A Soviet Jewish physicist told a crowd of about 100 yesterday at MIT that people in the Soviet Union are so scared of the government they "stop being human beings."

Aleksandr Voronel lost his professorship and was severely harrassed by Soviet police when he applied for a visa to Israel in 1972.

Voronel and his wife Nina, a poet, were granted permission to emigrate to Israel this year in response to pressure on the Soviet government from American scientists and committees on Soviet Jewry.

Nina Voronel said yesterday the "only reason" her husband wasn't arrested when he applied for a visa is because of demonstrations in the United States.

"Soviet officials are very sensitive to public opinion abroad," Voronel said. "They want to look decent to the rest of the world."

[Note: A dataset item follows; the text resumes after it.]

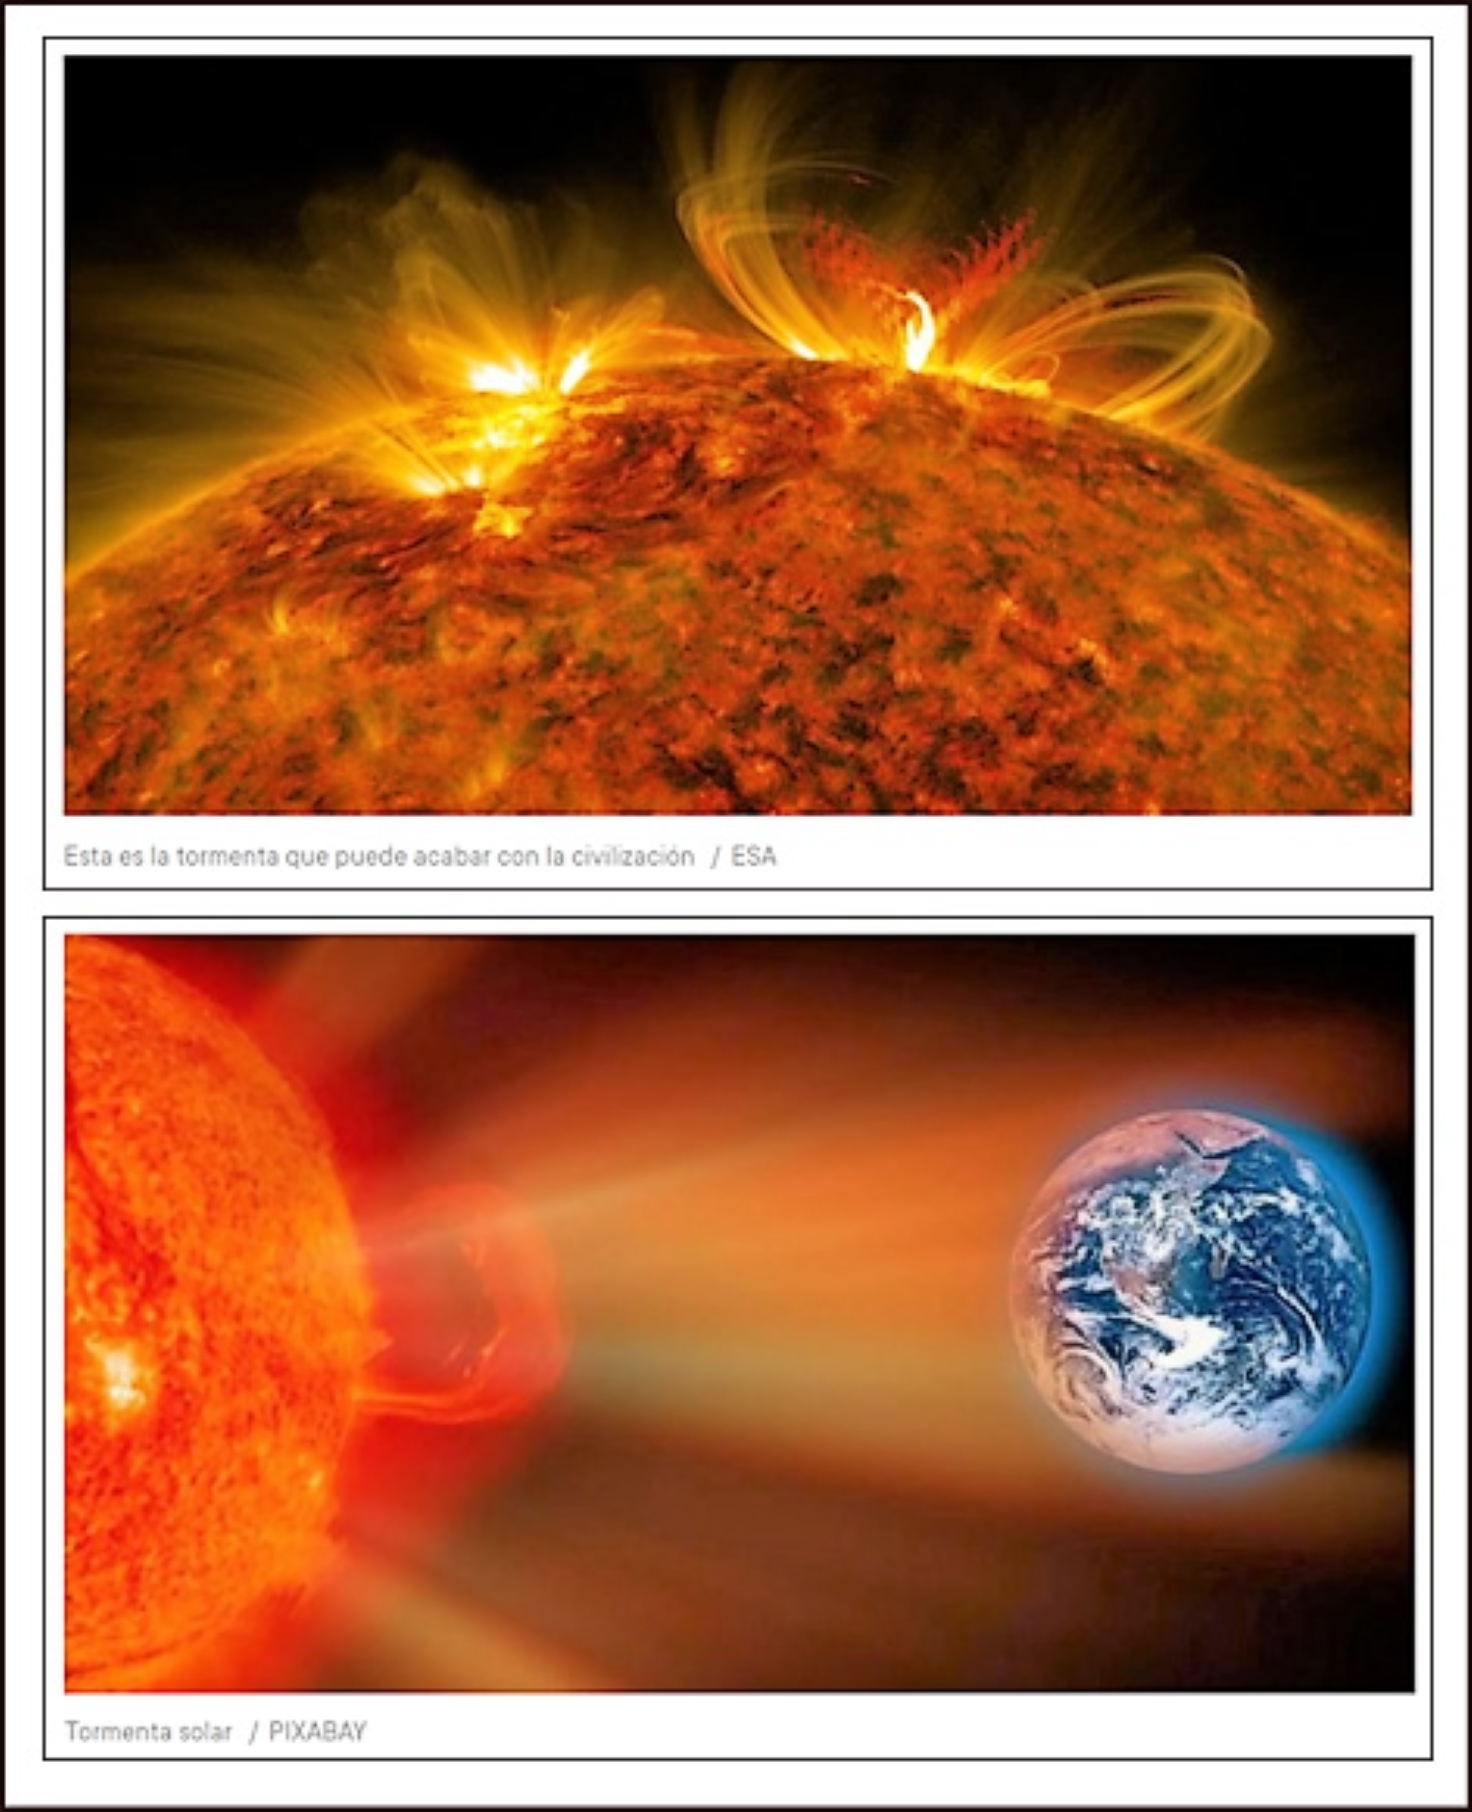 En el verano d 2012 la Tierra evitó una enorme llamarada solar d efectos tremendamente catastróficos

Voronel was forced to resign from his position at the Soviet Academy of Sciences in Moscow and was further harrassed by a draft call for active duty despite his age (41 years) and a previous exemption due to a chronic back problem. The upper age limit for military service is 36.

"You become a traitor and lose all your friends when you apply for a visa." Nina Voronel said, talking about the alienation of Soviet Jews from their fellow citizens and the rest of the world.

"You live in a cell where there is no news, no communication," she said. "We try to catch the voice of America which is hushed, hushed, hushed."

Shortly after his professional life was abruptly terminated. Voronel began holding weekly scientific seminars in his home. These were attended by colleagues who were similarly denied opportunity to work in their fields.